SUPPLIED MATERIAL |
+ + + + + + +

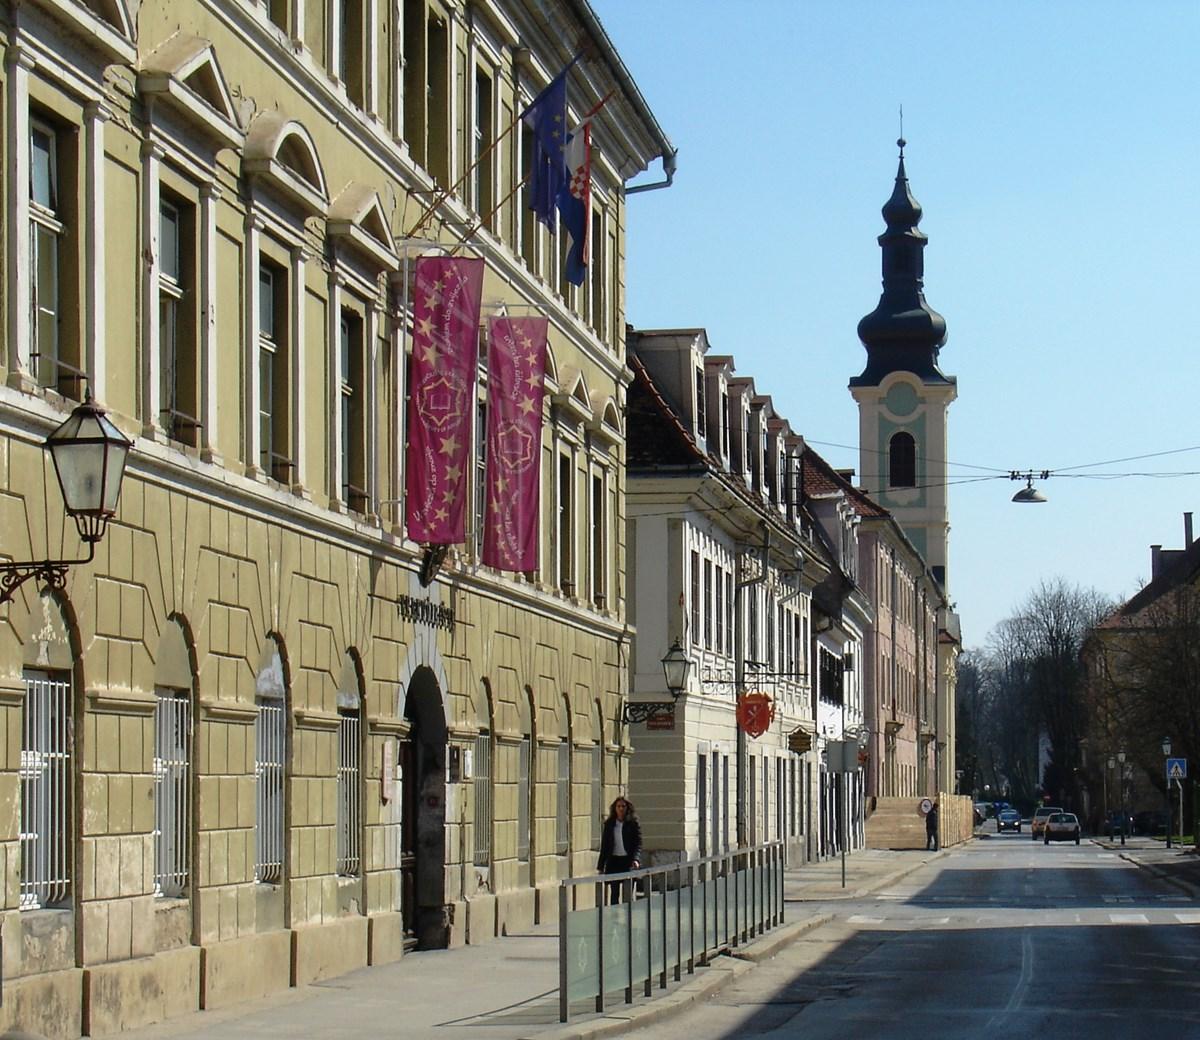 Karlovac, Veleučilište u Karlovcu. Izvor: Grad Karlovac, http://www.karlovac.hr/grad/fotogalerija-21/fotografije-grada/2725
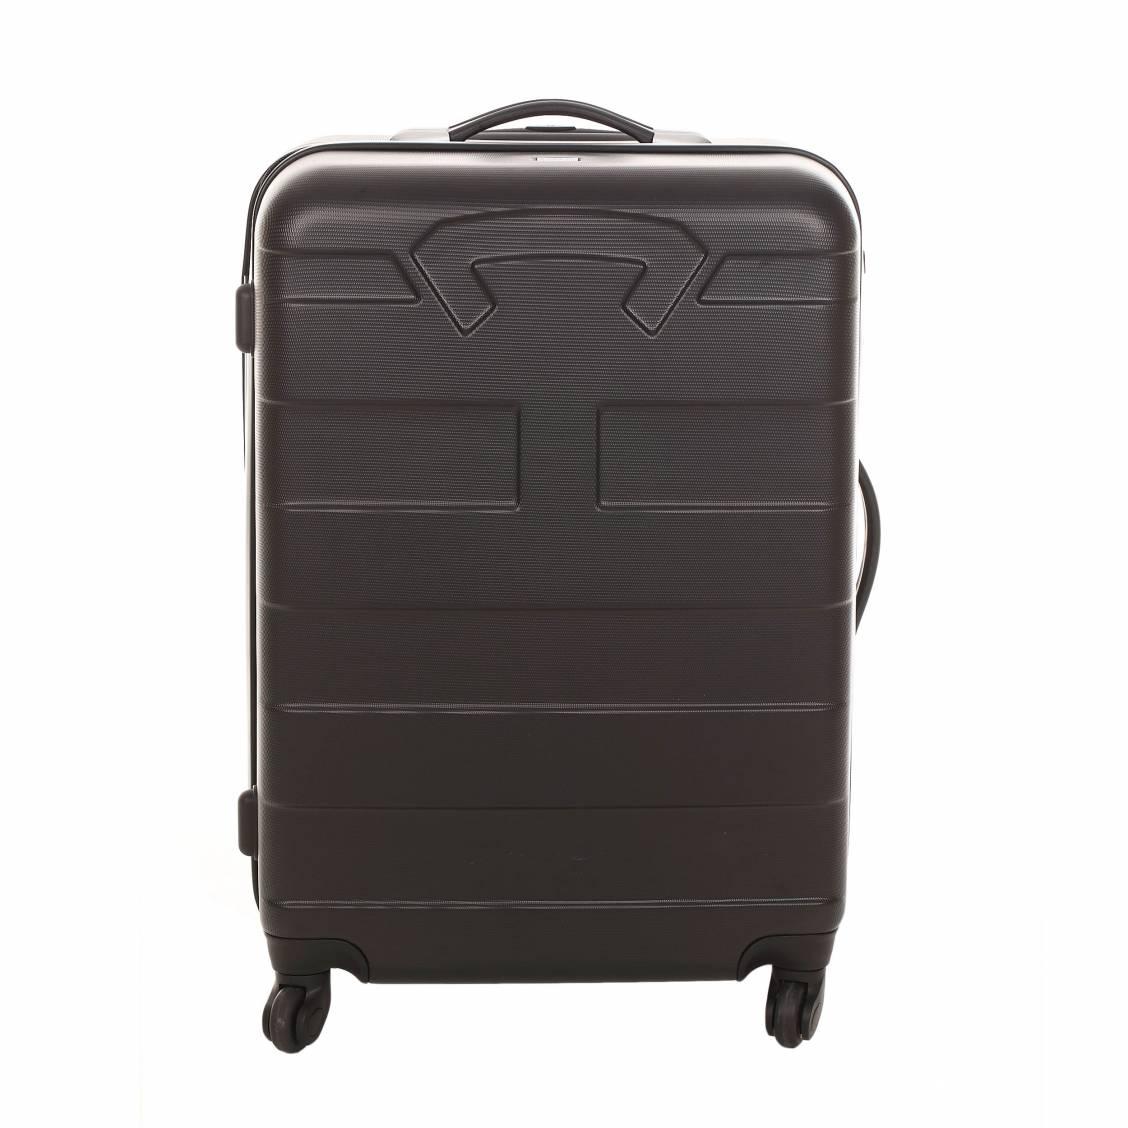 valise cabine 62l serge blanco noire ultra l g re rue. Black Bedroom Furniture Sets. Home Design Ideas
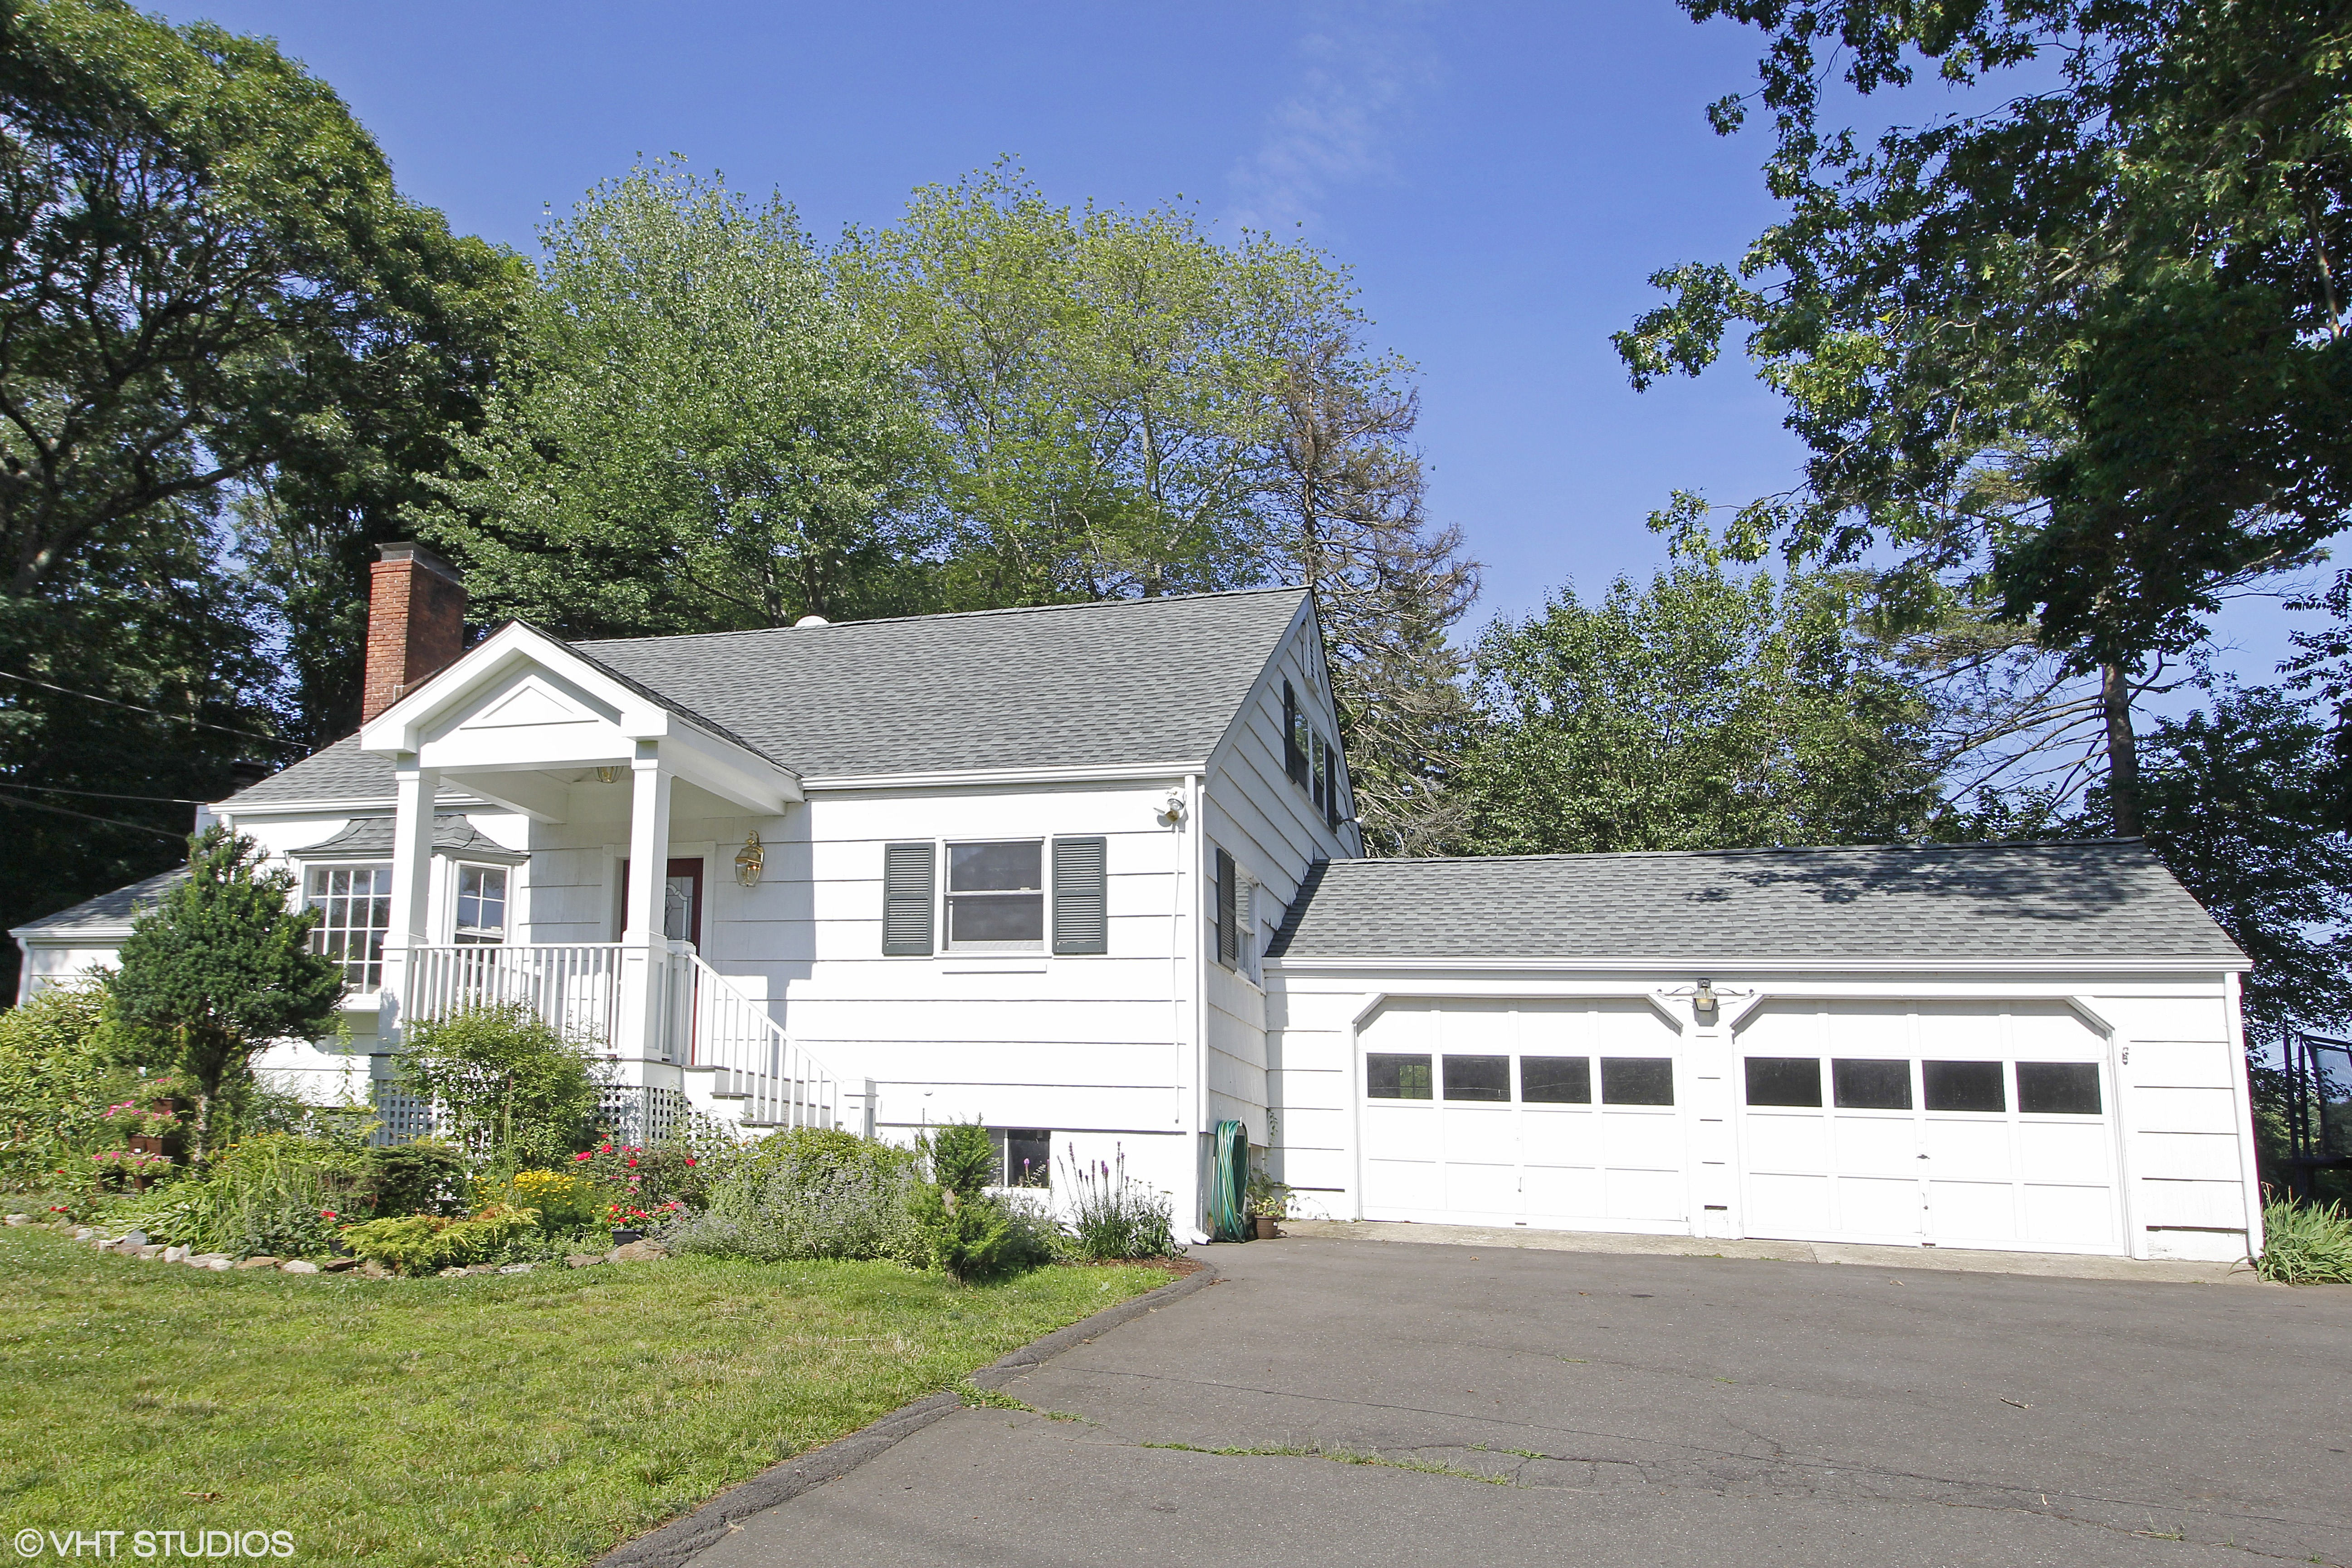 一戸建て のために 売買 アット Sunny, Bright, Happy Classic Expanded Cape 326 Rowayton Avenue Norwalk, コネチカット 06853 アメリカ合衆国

+ + + + + + +

WHAT IS EXPECTED |
Output only the lines that run from the line containing "valise cabine 62l" to the last line of the data, exactly as they stand and without pictures.

SOLUTION TO THE PROBLEM |
 valise cabine 62l serge blanco noire ultra l g re rue. Black Bedroom Furniture Sets. Home Design Ideas
 一戸建て のために 売買 アット Sunny, Bright, Happy Classic Expanded Cape 326 Rowayton Avenue Norwalk, コネチカット 06853 アメリカ合衆国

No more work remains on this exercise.